Wtedy Cywińska zgłasza pomysł, by poprosić ministra kultury o dofinansowanie teatru (co okazało się realne: "Wybrzeże' zyska status Teatru Narodowego i 2 mln zł rocznie, co stanowi prawie 50 procent jego budżetu) i dyskusja już gna do szczęśliwego finału.

Żakowski: "Czy jest możliwe pozostawienie Macieja Nowaka na stanowisku?"

Marszałek: "Jest, jeśli teatr przedstawi mi plan naprawy finansów".

Przedstawiciel teatru: "Przedstawimy w najbliższą środę"

Żakowski: "Czy jeśli plan będzie dobry, Nowak zostanie?"

Marszałek: "Tak". I dodaje: "Nie chcę być grabarzem tego teatru".

Następują burzliwe oklaski przechodzące w owację, powszchne "kochajmy się", dziesiątki osób osobiście dziękują i gratulują marszałkowi. Aktorzy zarzucają mu na ramiona teatralny szalik. Radosna rozmowa wszystkich ze wszystkimi trwa jeszcze długo na ulicy.

Na stronie

"Spodziewałem się eskalacji konfliktu - skomentował dyskusję na prośbę "Foyer" jeszcze w połowie sierpnia Vilquist - A tu Marszałek zaczął słuchać argumentów. To było coś, co zdarzyło mi się po raz pierwszy w życiu: spokojna, merytoryczna dyskusja z władzami".

Mieszkowski: "Mieliśmy do czynienia z prawdziwym dialogiem. Demokracja jest także sztuką słuchania, nie tylko gadania".
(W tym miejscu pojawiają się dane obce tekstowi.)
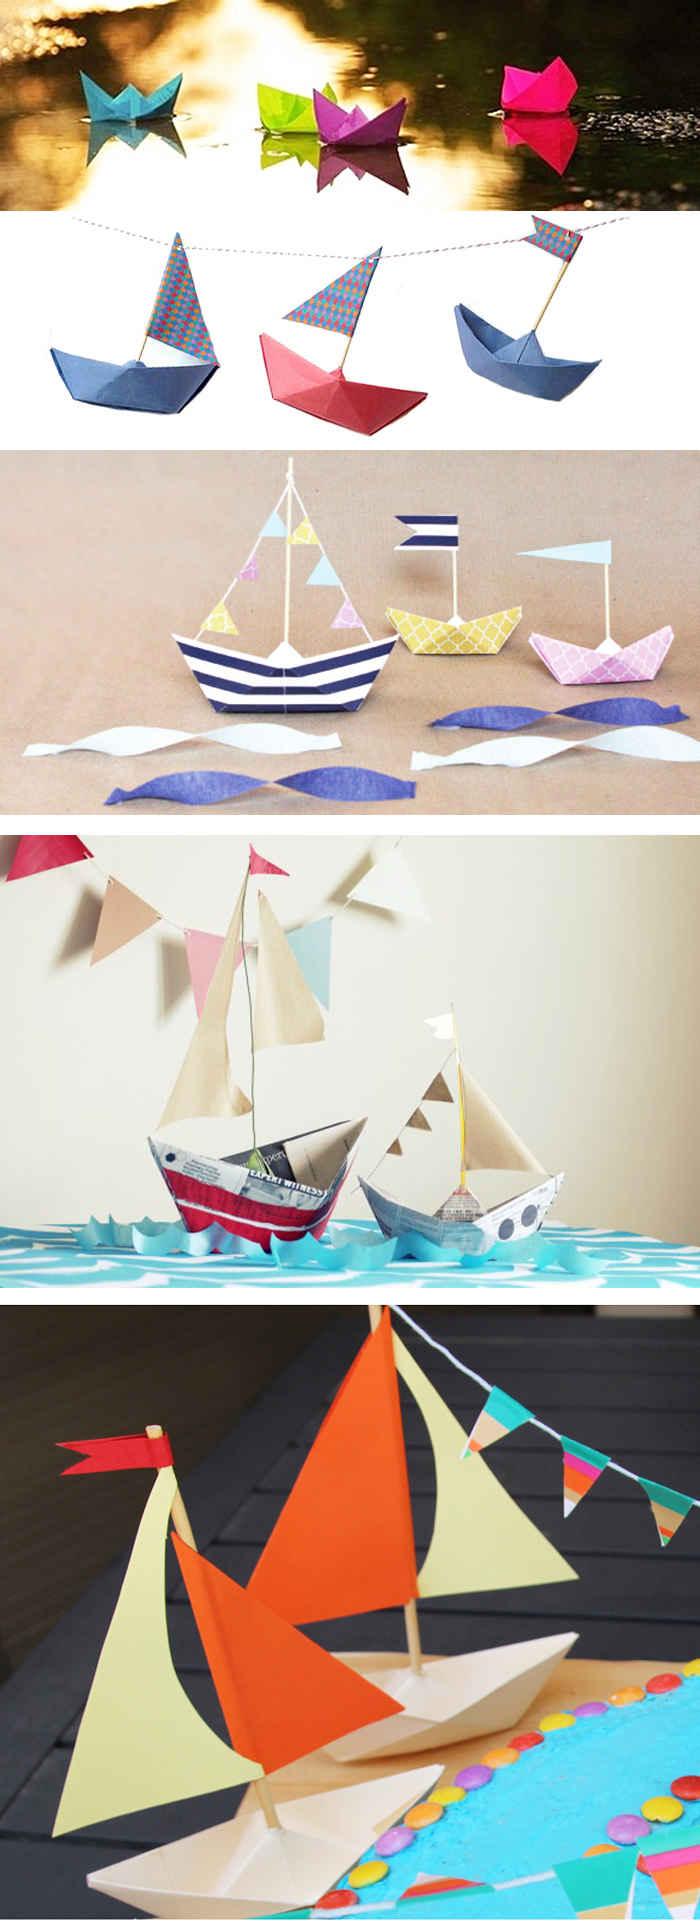 Как сделать из бумаги кораблик своими руками 4

Żakowski: "Porozumienie wymagało publicznej rozmowy, w której usunie się podejrzenie złej woli czy ukrytych intencji, a pewne argumenty (np. ideologiczne) zostaną usunięte ze stołu. Szerszy wniosek jest taki, że warto rozmawiać, a zwłaszcza redukować konflikty, które mają podłoże kulturowe, do problemów praktycznych dających się negocjować".

(Intermedium)

Media odnotowują porozumienie powściągliwie i zdawkowo (choć "Dziennik Bałtycki" nie zawahał się nazwać swojego tekstu "Cud nad Motławą"). Krótkie depesze dają "Wyborcza" i "Rzeczpospolita". No i lokalna telewizja, ale już nie stacje ogólnopolskie. Nie było trupów, krwi, nikt się nie wygłupił, nie ośmieszył, nikt się nie skompromitował. Jednym słowem: nie ma tematu.

Mylne wrażenie

16 sierpnia jak grom z jasnego nieba gruchnęła wiadomość z konferencji prasowej marszałka Kozłowskiego: usunięcie Nowaka jest aktualne. Następnego dnia ukazało się ogłoszenie o konkursie na stanowisko dyrektora "Wybrzeża". Konkurs, faktycznie, był zapowiedziany jeszcze przed lipcową dyskusją, ale tuż po niej marszałek oświadczył: "Konkurs jest już w toku, ale to żaden problem: można go odwołać, albo dyrektor Nowak będzie mógł zgłosić swoją kandydaturę"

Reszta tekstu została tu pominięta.